SOURCE MATERIAL

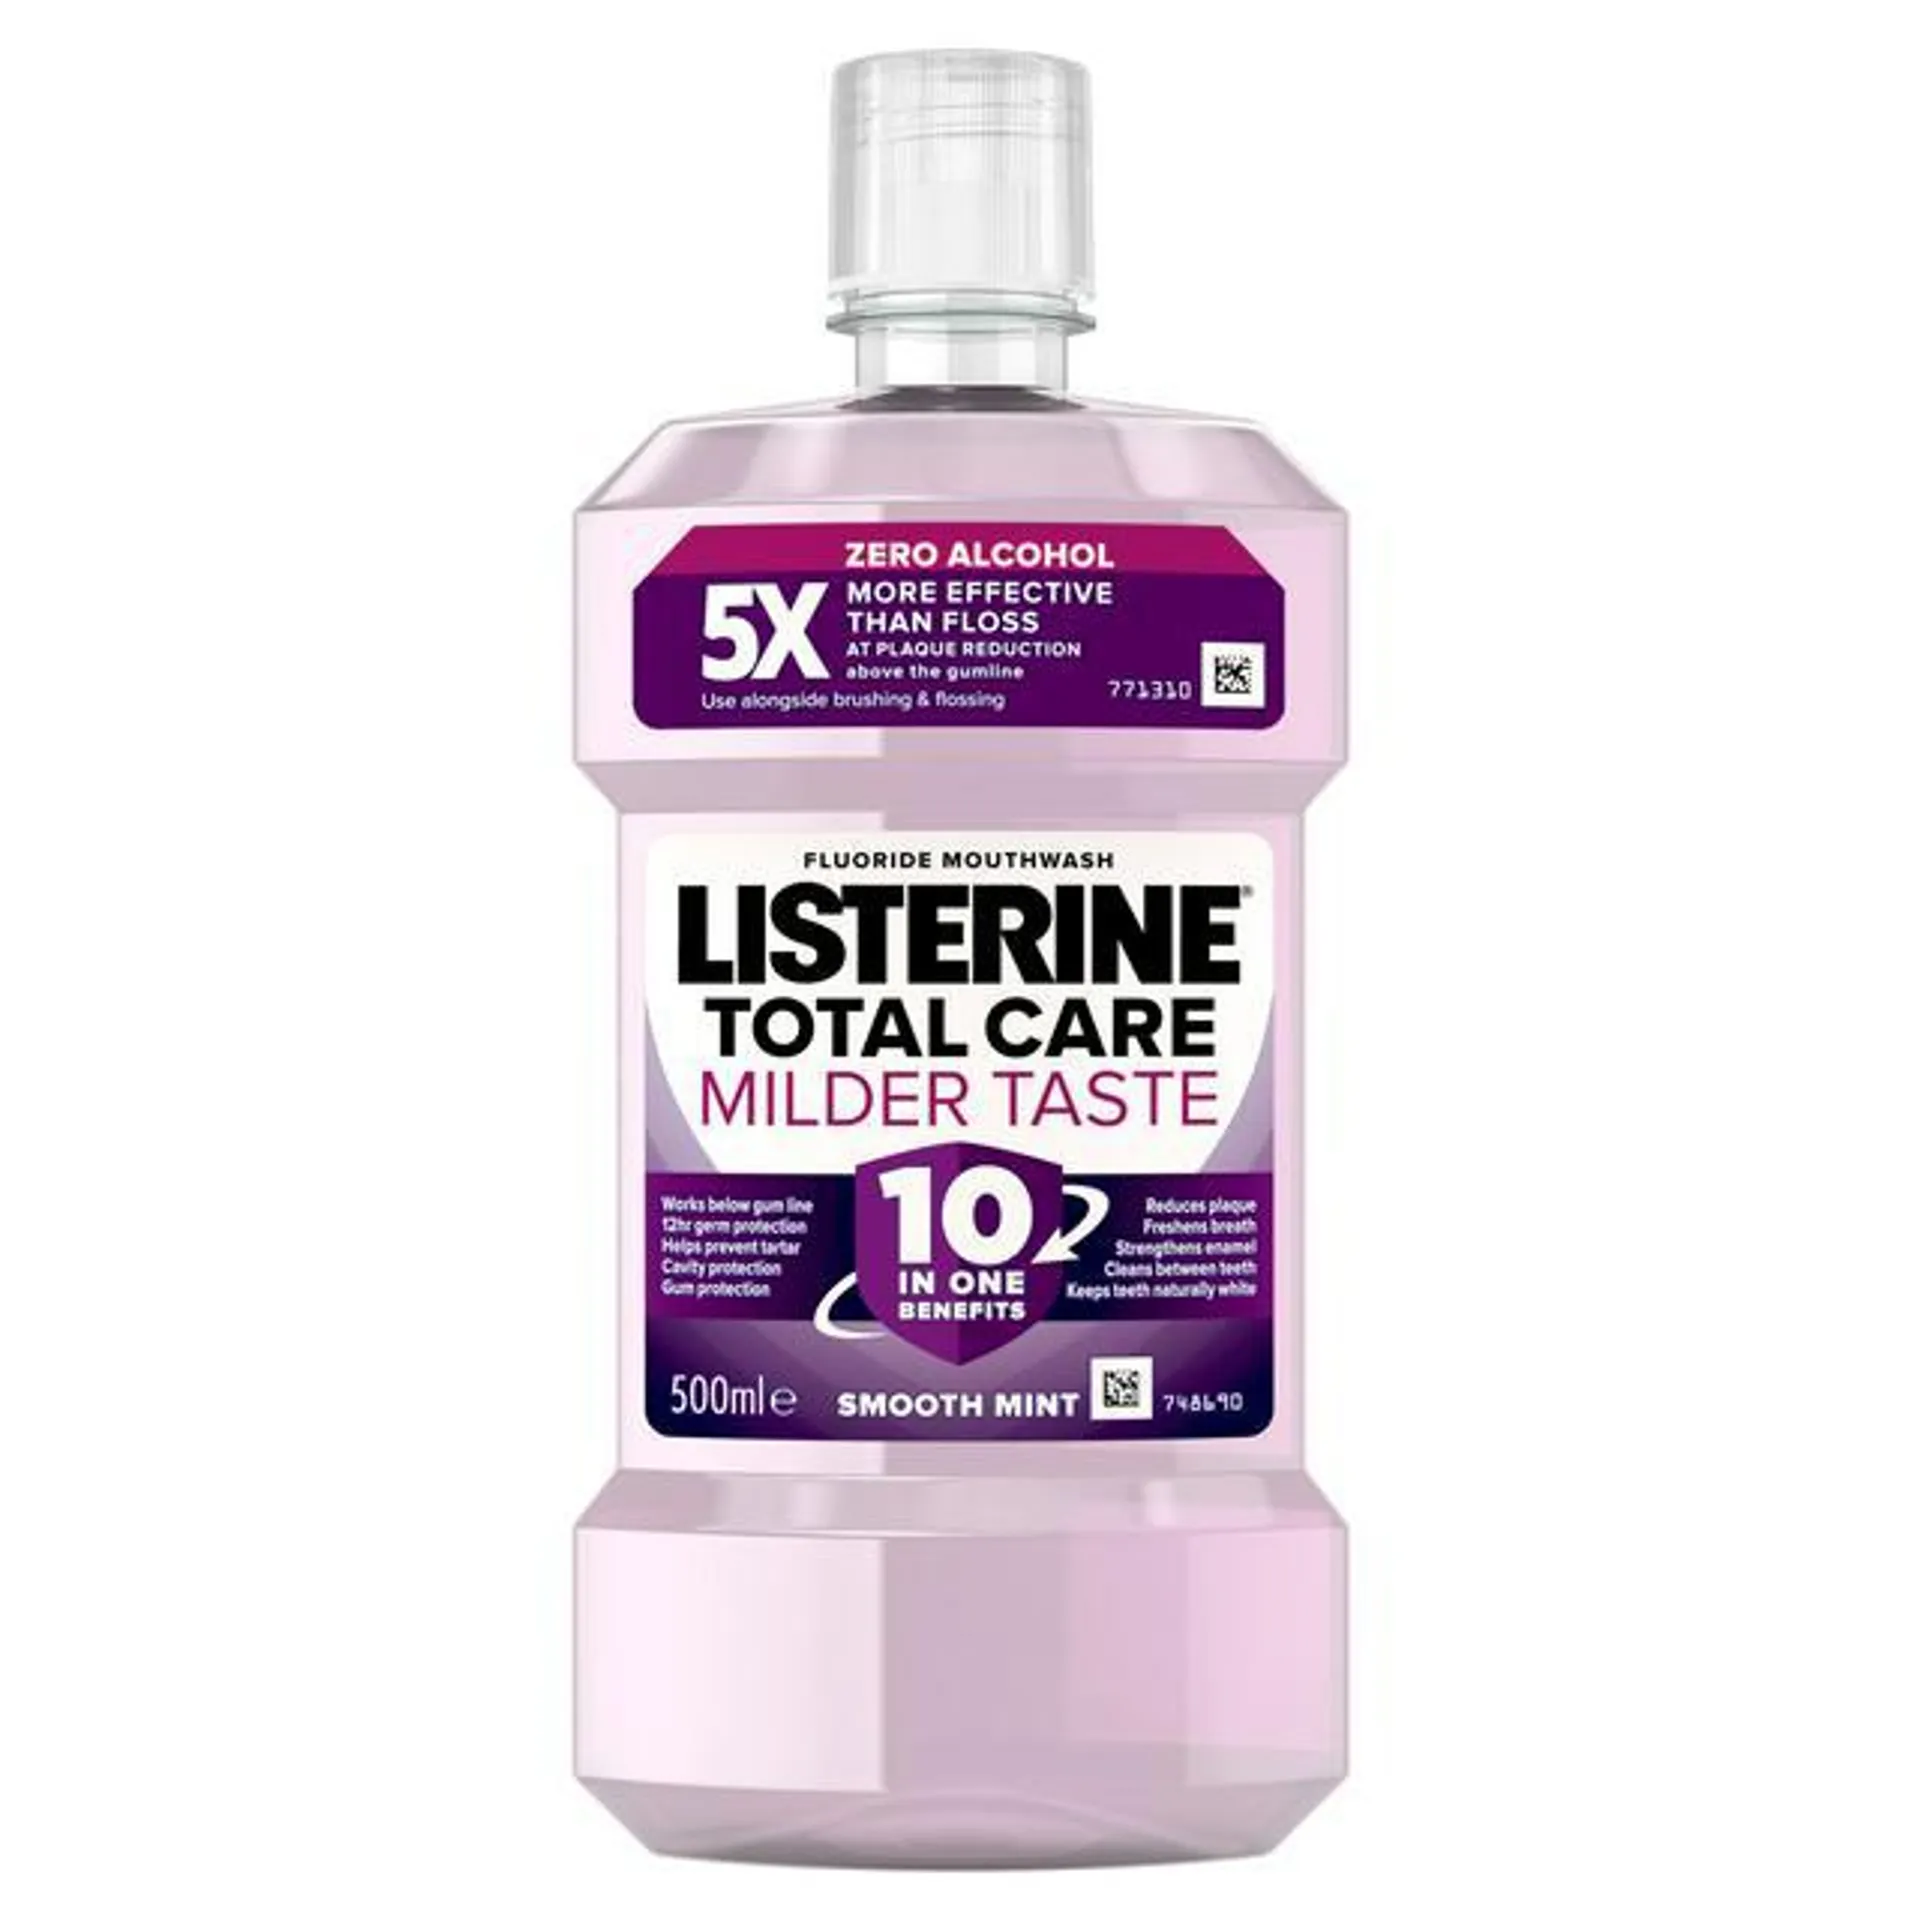 Listerine Total Care Milder Taste Mouthwash 500ml
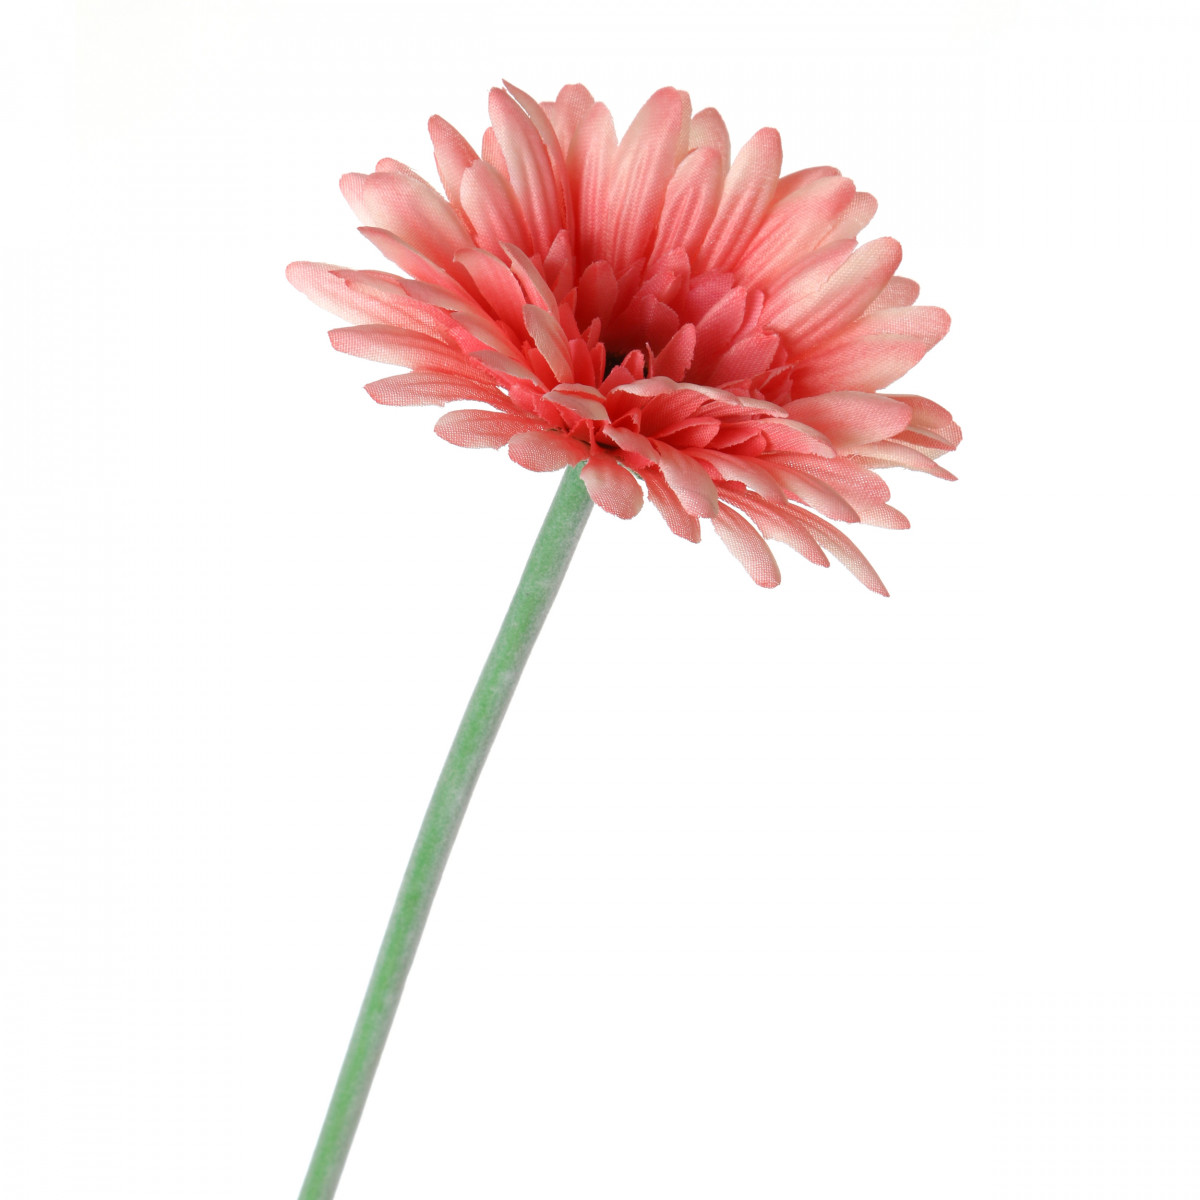 Искусственный цветок Anselm  (60 см), размер 60 см arm302979 Искусственный цветок Anselm  (60 см) - фото 1
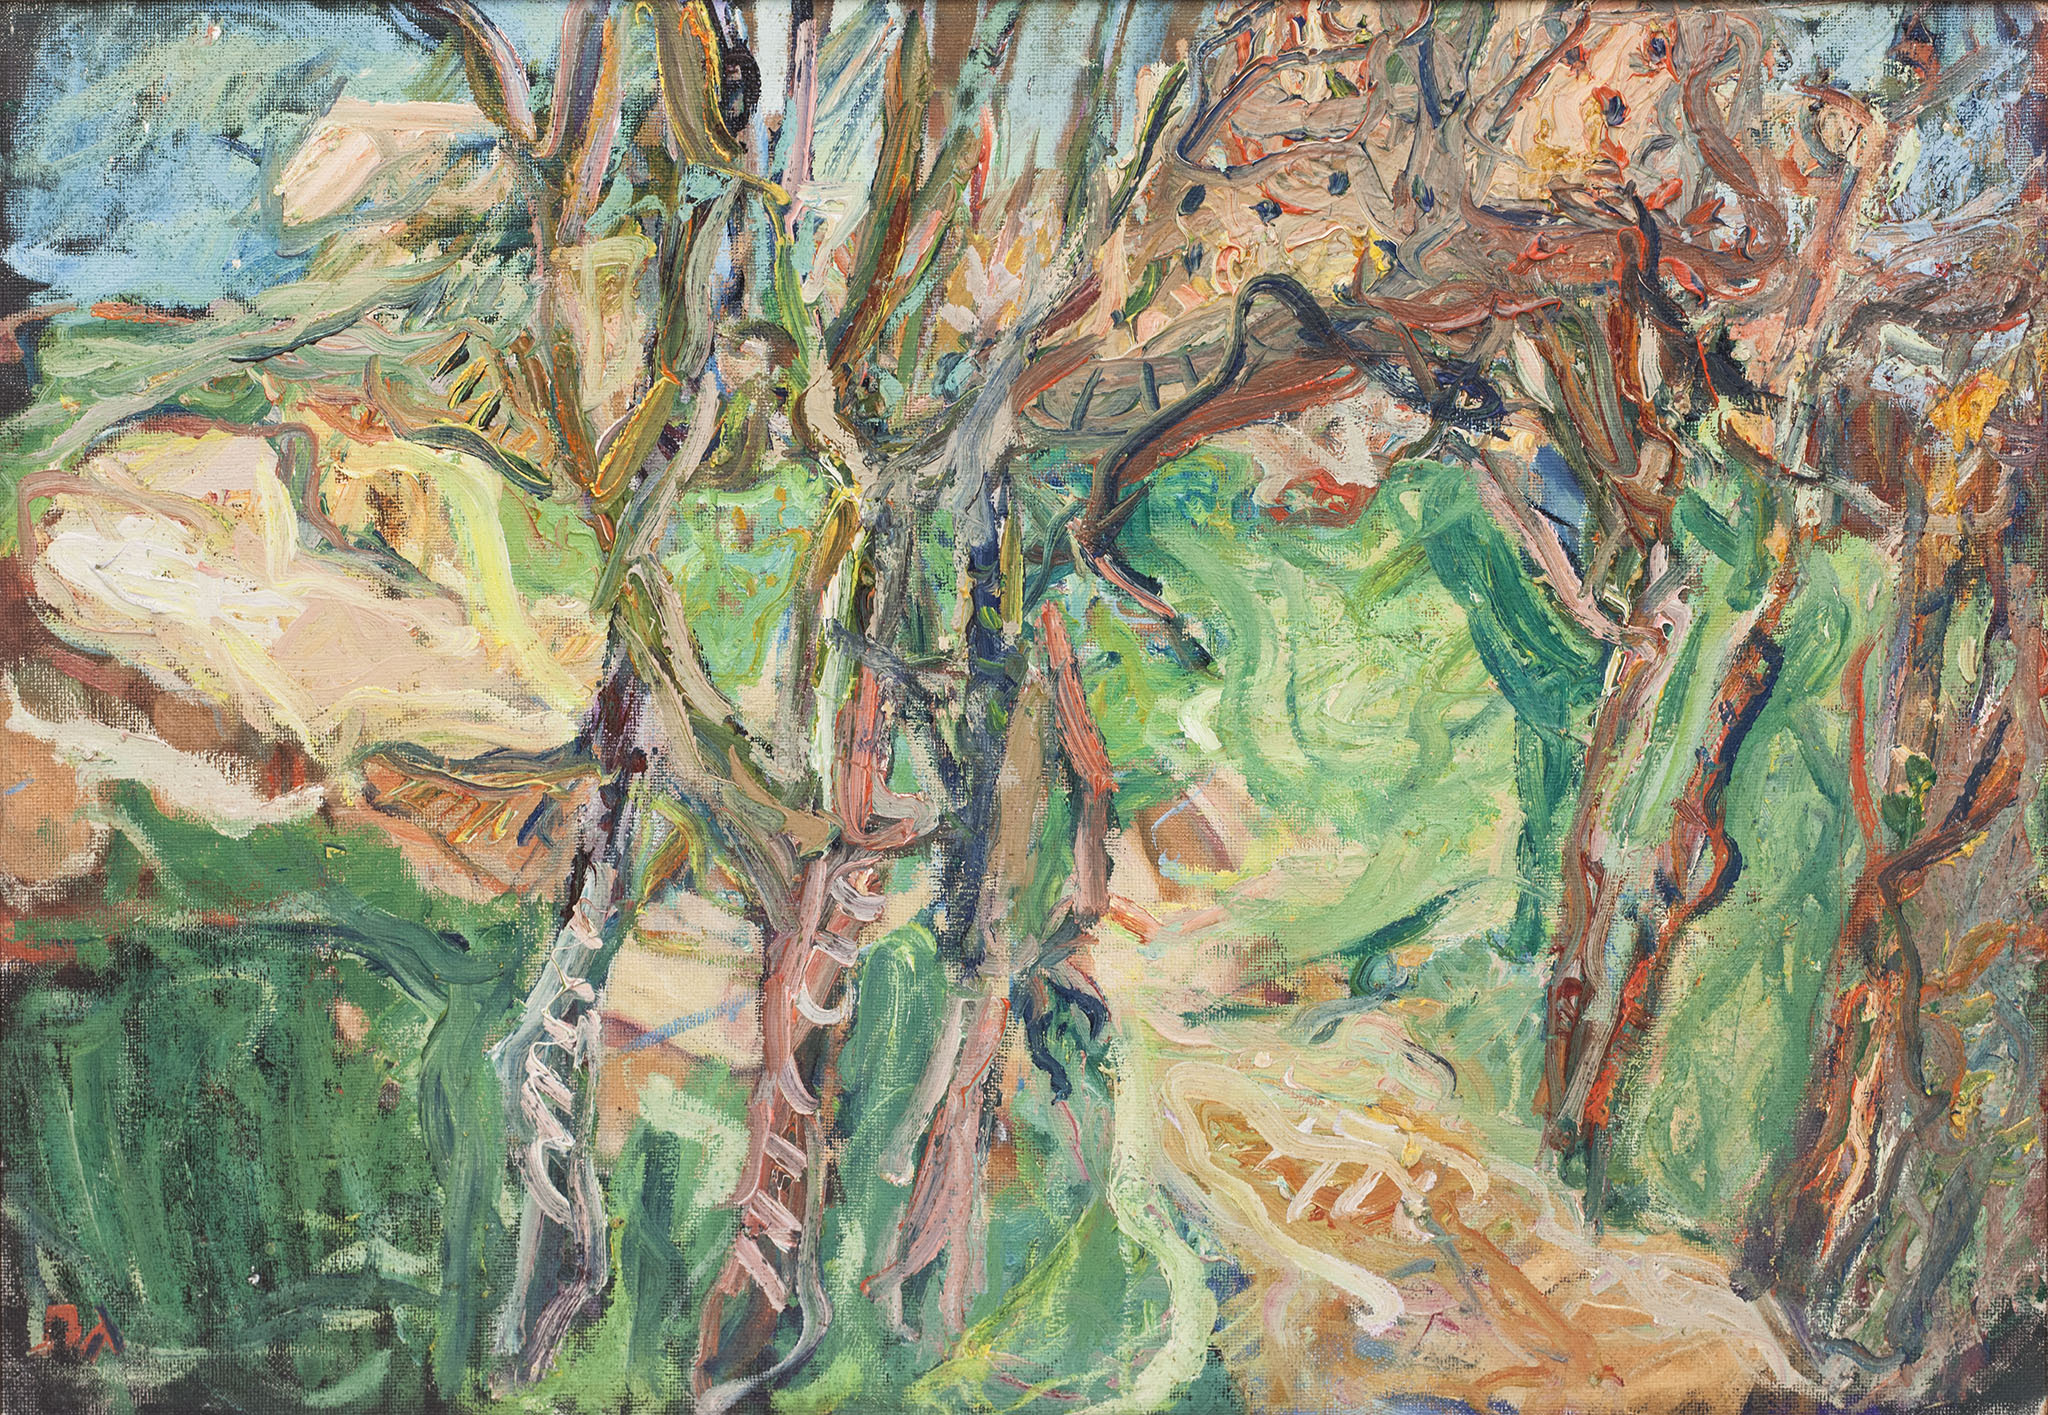 אליהו גת, "נוף עם עצים", שמן על מזוניט, 81x56 ס"מ

PROBLEM DETAILS
Give the data again exactly as it stands, apart from the pictures.

SOLUTION
 Listerine Total Care Milder Taste Mouthwash 500ml
 Искусственный цветок Anselm  (60 см), размер 60 см arm302979 Искусственный цветок Anselm  (60 см) - фото 1
 אליהו גת, "נוף עם עצים", שמן על מזוניט, 81x56 ס"מ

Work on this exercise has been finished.